According to Kossoff, in terms of the history of the business, the plans to make further inroads internationally came from Landmark investing in the business. He says: “They think about going to a new country as I would think about expanding into Manchester or Edinburgh. I think it was always the case with them as the owner that we would take more international steps. We started researching and made visits to the Far East, the US and South America and concluded broadly that we could get a Carluccio’s to work in most of the markets, but the only one where we felt we had a chance of repeating something similar to what we had done in the UK, was the US. Could we open 10 Carluccio’s in Hong Kong? Maybe. Some in Bangkok? Possibly, but the only place where you could think about hundreds of sites is the US. We were persuaded of that and Landmark were also persuaded, so we decided to give it a shot. By that time, I felt very strongly I didn’t want to do stuff in a joint venture, we were much better off running it on our own terms. When you take away the need for funding in those situations, and we are very cash generative and well backed by Landmark, then you just need to hire local expertise rather than enter an agreement with a local partner.
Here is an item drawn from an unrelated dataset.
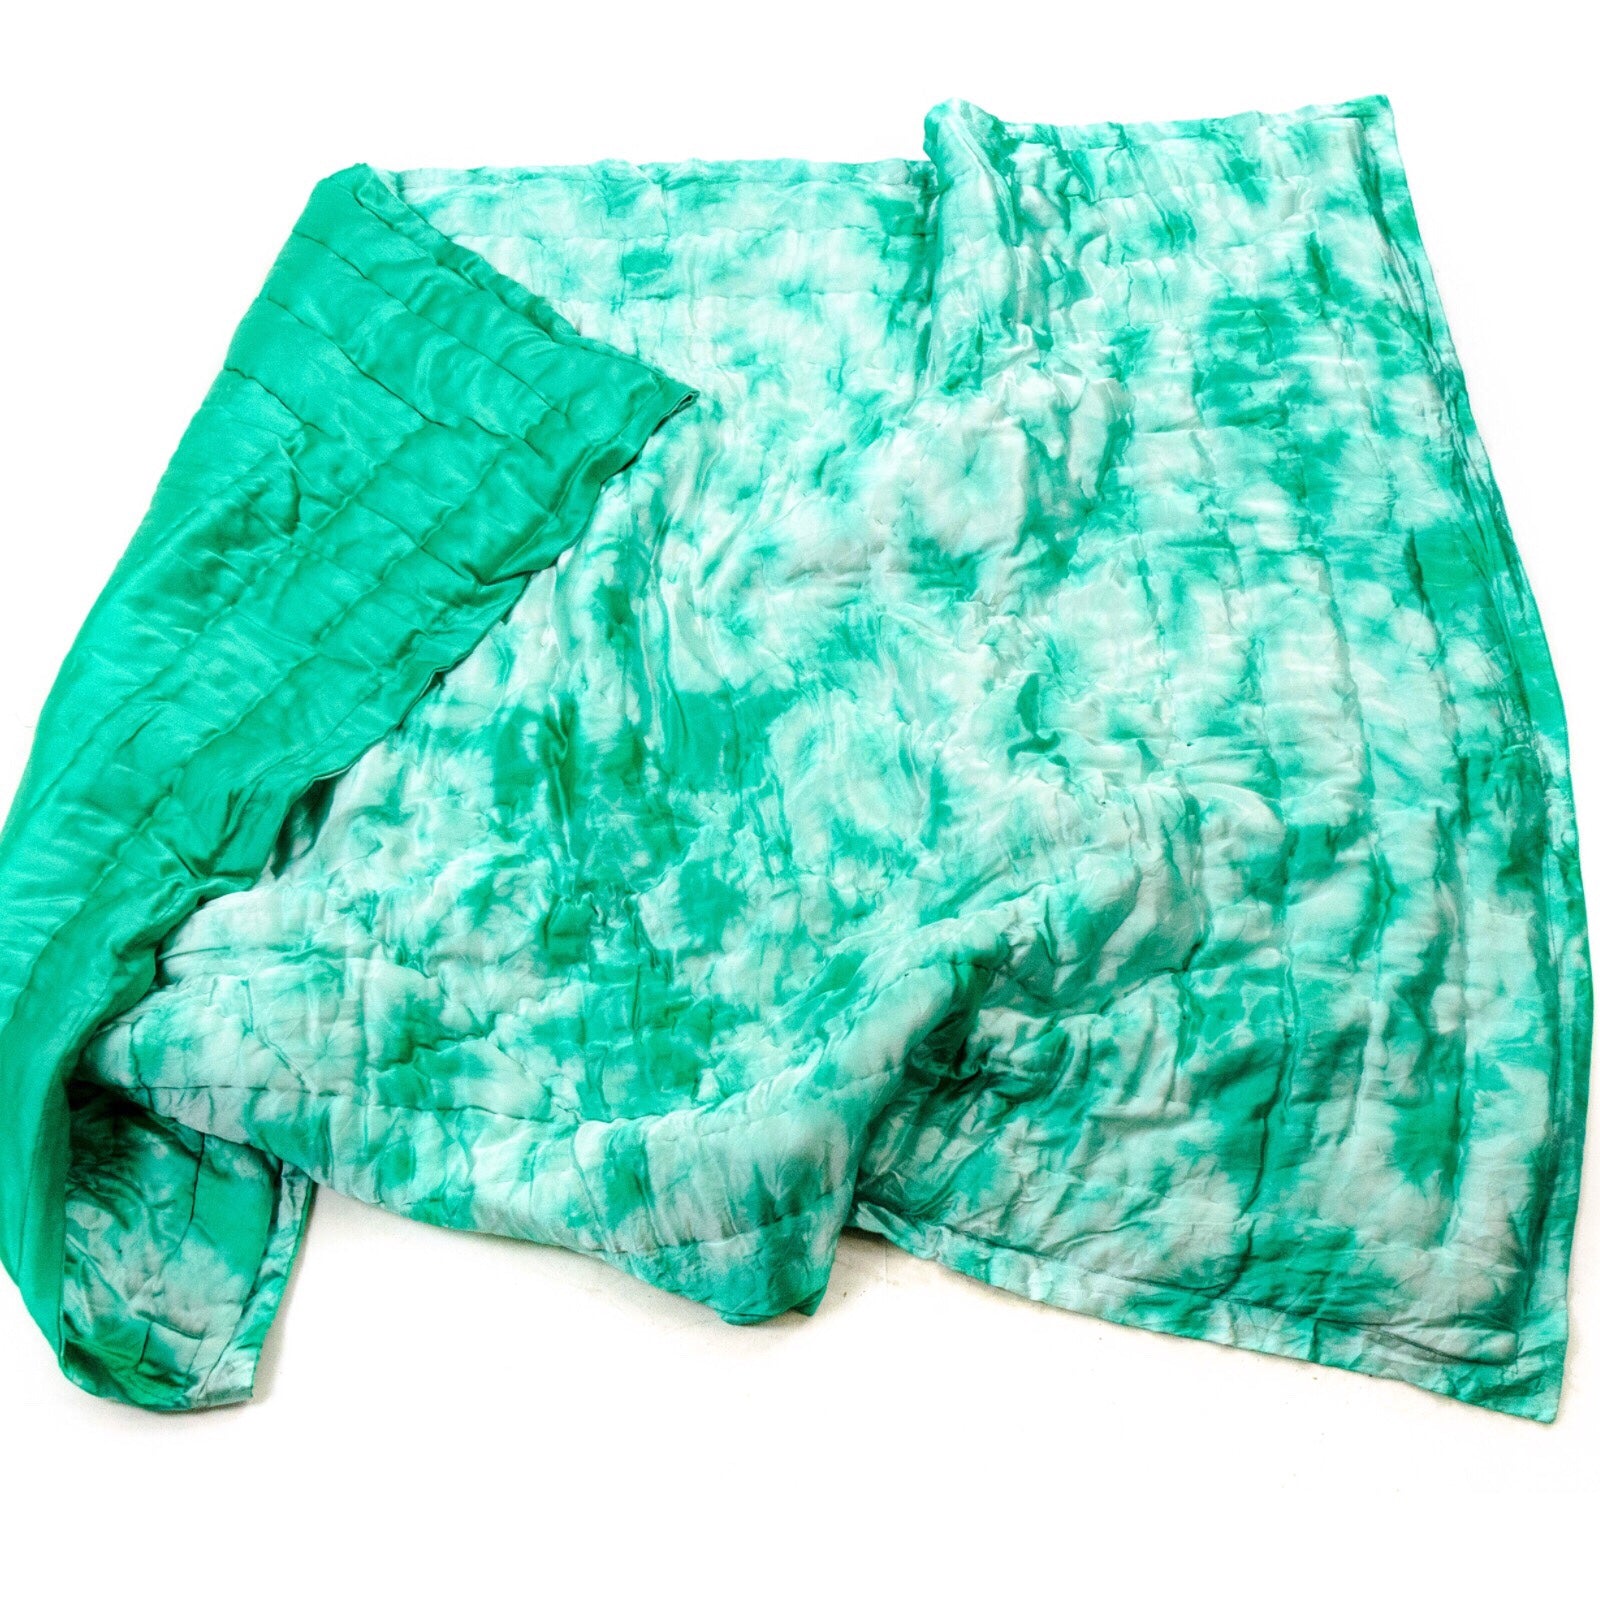 Jaipur Atelier Emerald Baby Quilt Throw

It has been a slower journey that I expected and there is still tonnes of work to do there, but the fundamental thing we have proven is that all those ideas about UK concepts not being acceptable to a US market for Carluccio’s just aren’t true. For example, we have had no push back on portion size. The people challenge is the biggest thing for us, hiring the right people. The pool for good people is not as big as I thought.”

If there was one thing Kossoff would have done differently it would have been to be “a bit more aggressive in the middle years”.

He says: “Once we had discovered we could run these things and built 10 of them, I think we should have pushed a bit harder at that point. I was stuck in my mind around building only five a year. We went to the City and floated on that basis, but I think there was the opportunity to push a bit harder and add more value during that period. We were frightened of killing the golden goose.”

Although he doesn’t like the word legacy, he realises that every store the group opened during his time “has my stamp on it in some  way”, and that is the same with the people.

Kossoff, who led the group’s fundraising for Action Against Hunger, which currently stands at c£2m, says: “There are people in this business who I feel have something about them, like Sarah the COO, who was a graduate trainee for me at My Kinda Town and then a restaurant manager. I promised she could manage the first Carluccio’s and when we had more she could run more, and now she is the COO. That is a wonderful legacy. Alison came in to run shifts at Market Place and is now the property director, building a dozen sites a year.”